Aides au logement : le "temps réel" n'a guère simplifié les choses pour les bénéficiaires

La Cour des comptes a rendu ce 28 janvier un rapport sur la "contemporanéisation" du versement des aides personnelles au logement (APL), une réforme entrée en vigueur en janvier 2021 visant à mieux synchroniser le calcul de leur montant et le niveau de ressources des allocataires.

Le principe des aides personnelles au logement (APL) a été introduit dès 1948 et n’a cessé depuis d’être aménagé. Un dispositif dont le financement est assuré par le Fonds national d’aide au logement (FNAL) lui-même alimenté par dotation budgétaire de l’Etat et à travers lequel 17 milliards d’euros auront été versés en 2020 ; chiffre relativement stable par rapport à celui de 2014 (17,7 milliards d’euros), souligne la Cour des comptes. Avant le 1er janvier 2021, le calcul du montant de ces aides se fondait sur les déclarations fiscales des demandeurs établies en année n-2 avec une actualisation annuelle. Avec la mise en œuvre de la réforme, ce sont désormais les ressources de l’année écoulée qui sont prises en compte à travers une nouvelle base déclarative automatisée et actualisée de manière trimestrielle. C’est cette refonte dite de "contemporanéisation" que la Cour des comptes a passé au crible pour mieux apprécier ses résultats.

L’objet de la refonte, rappelle la Cour, consistait alors à mieux synchroniser le calcul du montant des APL et le niveau de ressources des allocataires. En filigrane, l’exercice promettait de simplifier le parcours des bénéficiaires, de réduire les différences "peu justifiables" entre les bénéficiaires et, au final, de générer des économies budgétaires. Dans leur rapport, les magistrats financiers rappellent que cette refonte du dispositif s’est construite "sur un consensus large", soutenu à la fois par la Caisse nationale d’allocations familiales (Cnaf), l’administration et les bailleurs sociaux. Une réforme rendue possible grâce à la dématérialisation des procédures et notamment l’automatisation des déclarations de revenus.

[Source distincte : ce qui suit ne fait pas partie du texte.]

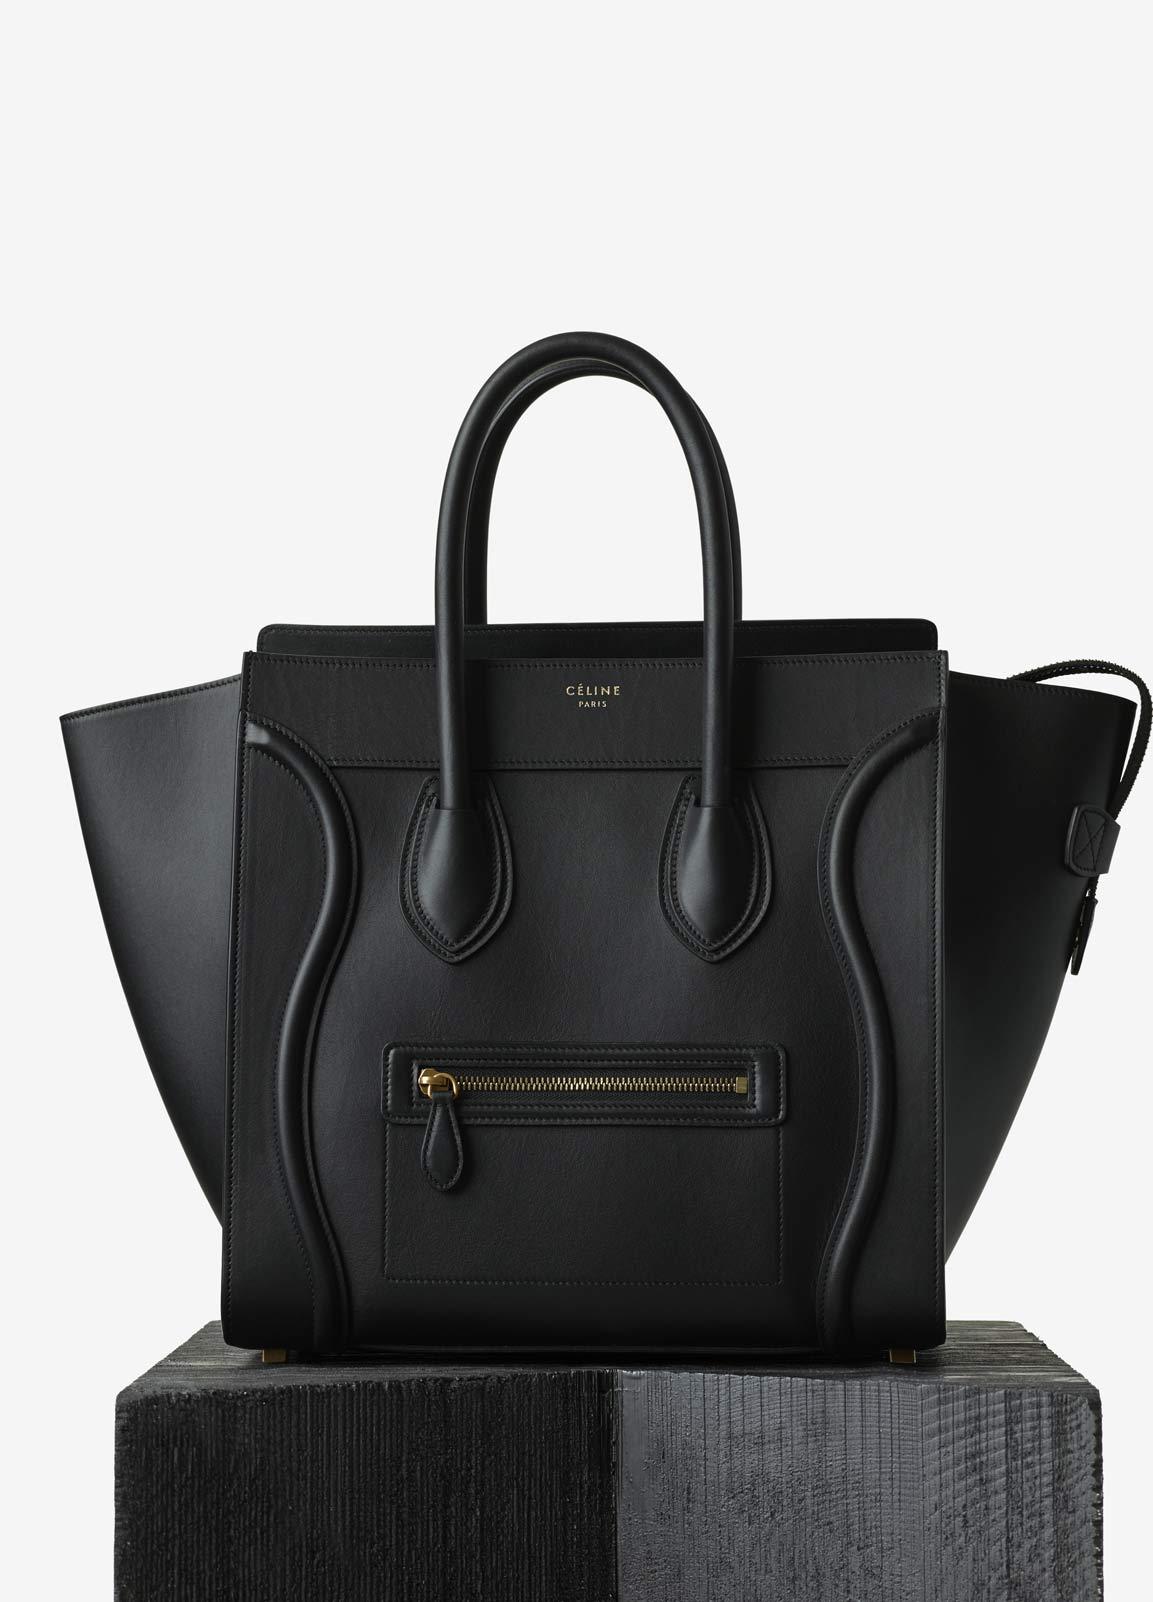 Replica Celine Handbags, Celine Fake Bags ...

Un mode de calcul encore jugé complexe

Cependant, constatent les magistrats, il n’y pas eu de refonte complète du système car si les gains en termes de synchronisation sont bien observables, l’aménagement du dispositif n’a pas corrigé ses failles structurelles, pas plus qu’il n’a permis de simplifier un mode de calcul jugé complexe. Dans la pratique, cette évolution a nécessité de la part de la Cnaf la mise au point d’un nouveau système informatique (SI) dont la mise en œuvre a engendré "des retards et des complications", évoque le rapport. Mais si l’adaptation des SI de l’ensemble des partenaires aura au bout du compte nécessité un investissement de l’ordre de 100 millions d’euros, elle aura permis en parallèle de réaliser une économie sur le versement des APL de l’ordre de 1,11 milliard d’euros en 2021, notamment en réduisant le nombre d’allocataires dont les revenus en n-2 les rendaient éligibles alors qu’ils dépassaient les plafonds en année n. La Cour précise d’ailleurs que dans le même temps, le montant moyen de l’aide versée mensuellement aux bénéficiaires est resté constant, de l’ordre de 219 euros en 2022.

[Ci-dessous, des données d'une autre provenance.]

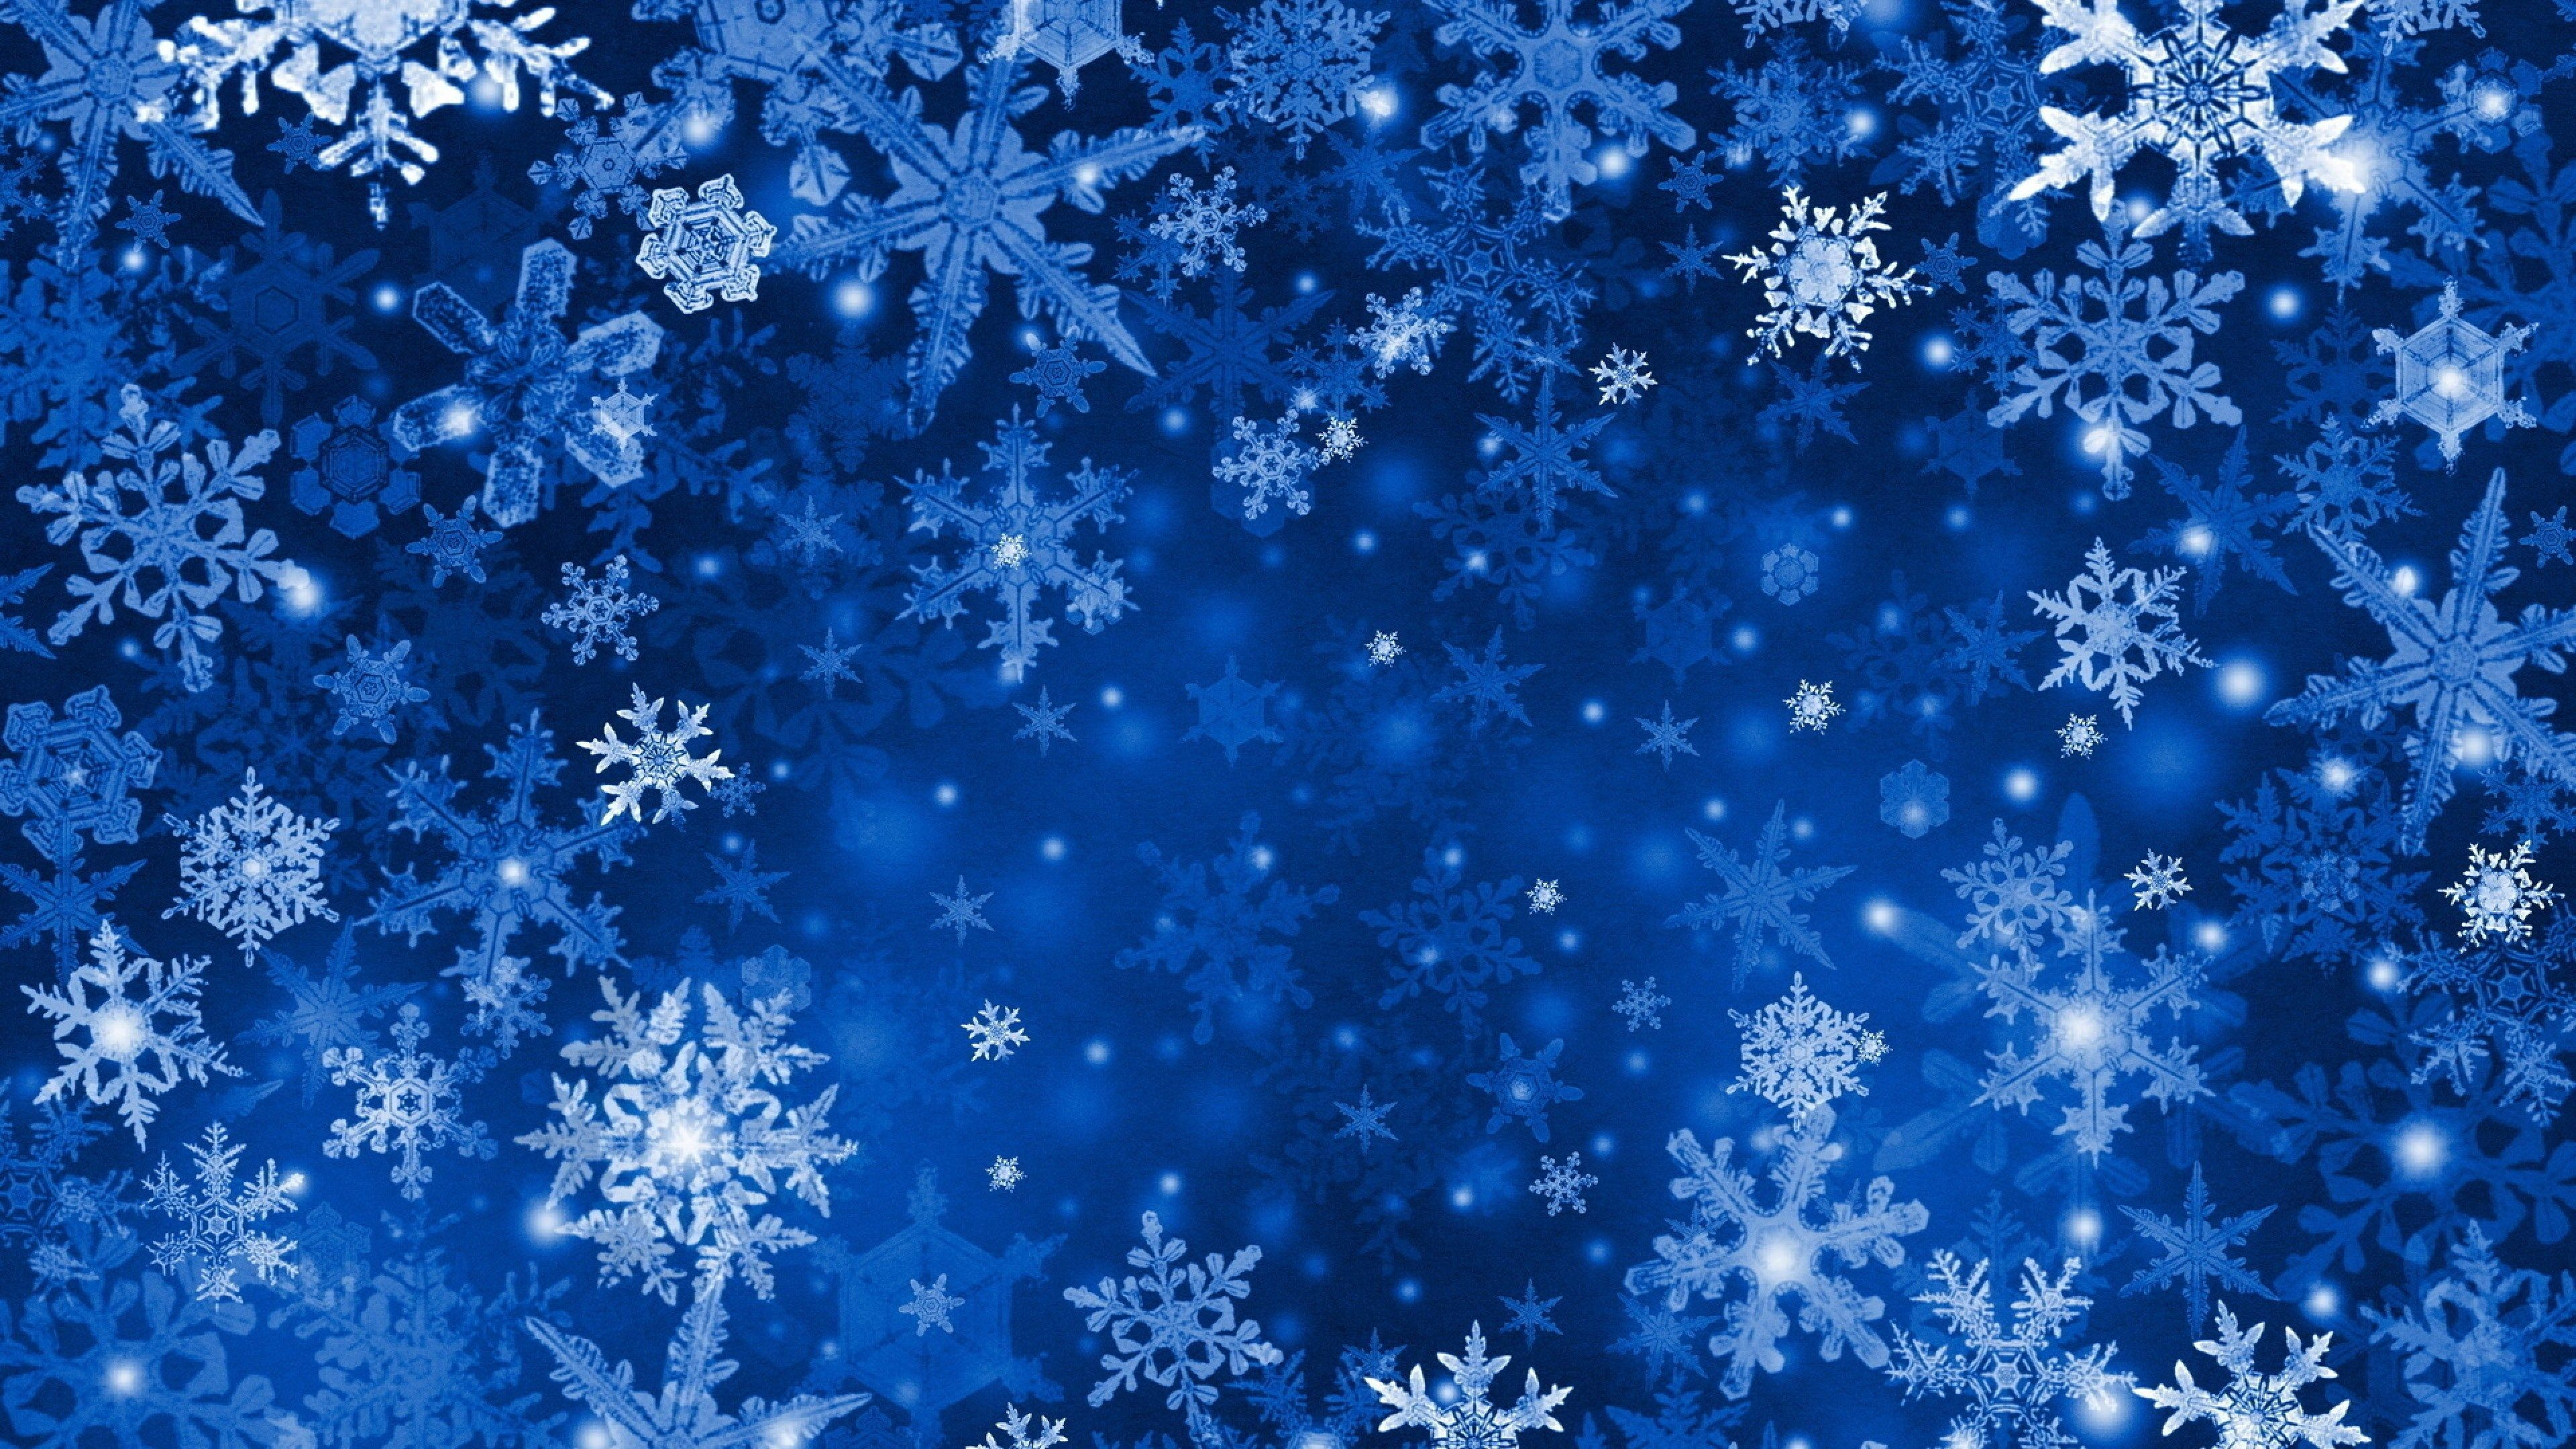 winter background wallpaper hd Snowflake wallpaper

Reste que le bénéfice de cette refonte a été atténué, estime la Cour des compte, "par des facteurs externes" tels que la crise sanitaire ou encore "des tensions internes à la Cnaf". Dans la pratique, la mise en œuvre du nouveau dispositif s’est confrontée à plusieurs difficultés telles que la qualité des déclarations de revenus traitées, des demandes d’information plus complexes ou encore une insécurité accrue pour certains allocataires ayant une activité irrégulière. La Cour juge au final que si les objectifs de réduction des inégalités ou encore de réalisation d’économies budgétaires ont été atteints, la promesse de simplification du parcours des bénéficiaires n’est pas au rendez-vous.